Work instruction:
Reproduce the listing in full, exactly as written, but without images.

Collected material:
◆ ◆ ◆ ◆

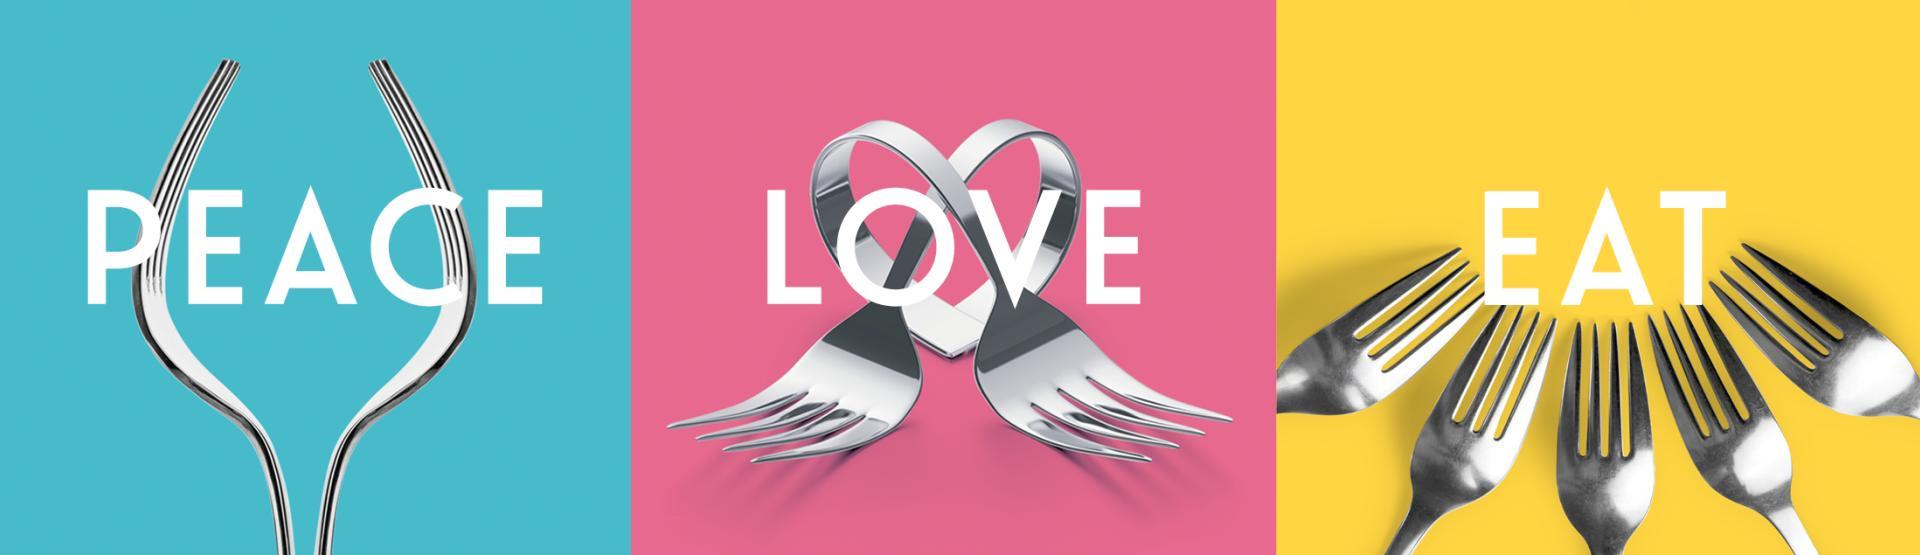 dineGPS Peace Love Eat
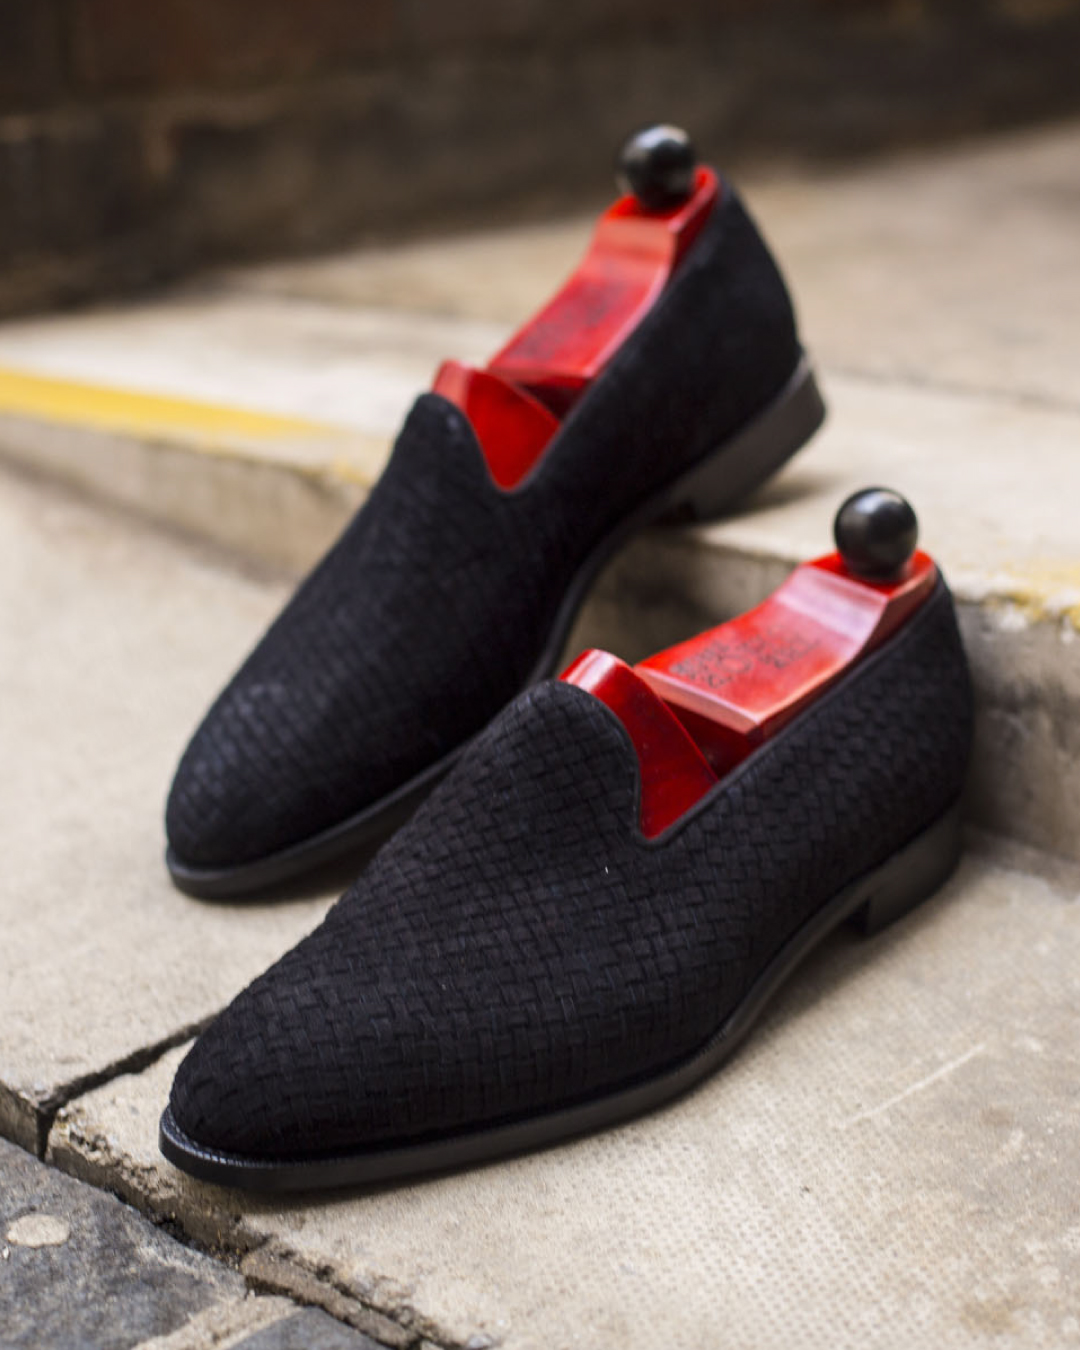 j-fitzpatrick-footwear-banner-loafer-instagram-3-2019.jpg
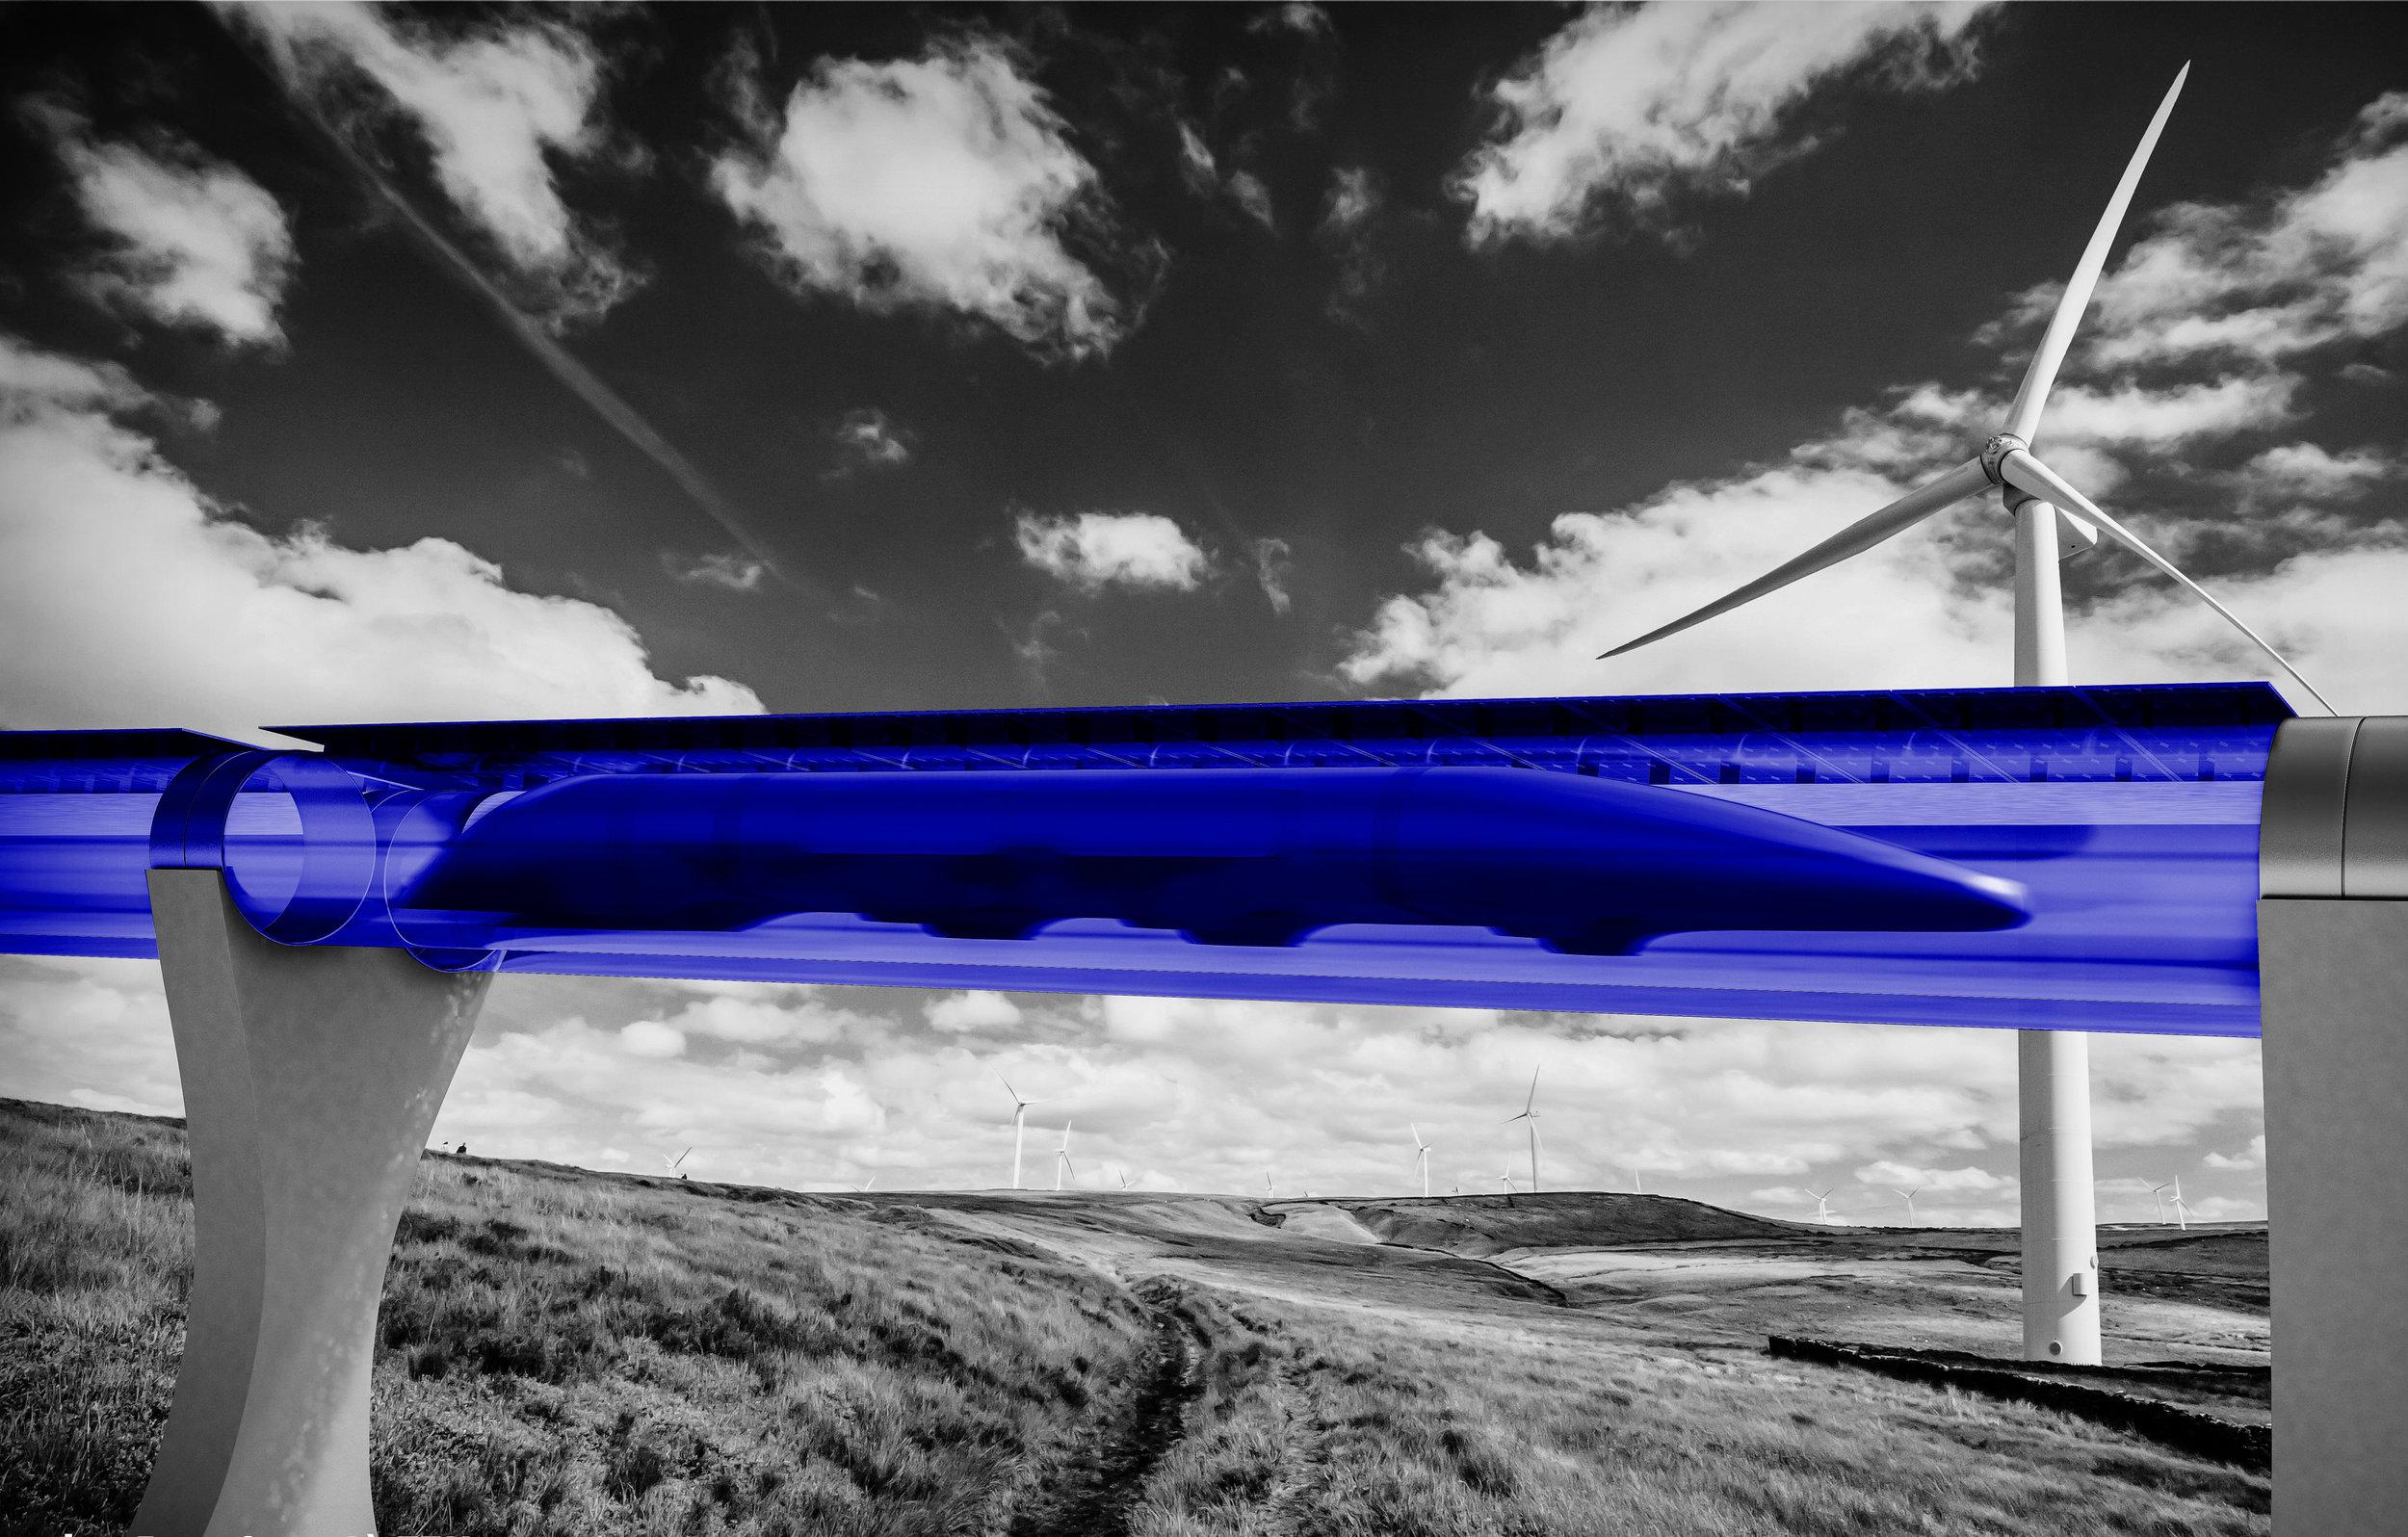 3_hyperloop_hyperloop_concept_nature_02_transparent_copyright_2014_omegabyte3d_c_Editspotcolor.jpg

◆ ◆ ◆ ◆

Written solution:
 dineGPS Peace Love Eat
 j-fitzpatrick-footwear-banner-loafer-instagram-3-2019.jpg
 3_hyperloop_hyperloop_concept_nature_02_transparent_copyright_2014_omegabyte3d_c_Editspotcolor.jpg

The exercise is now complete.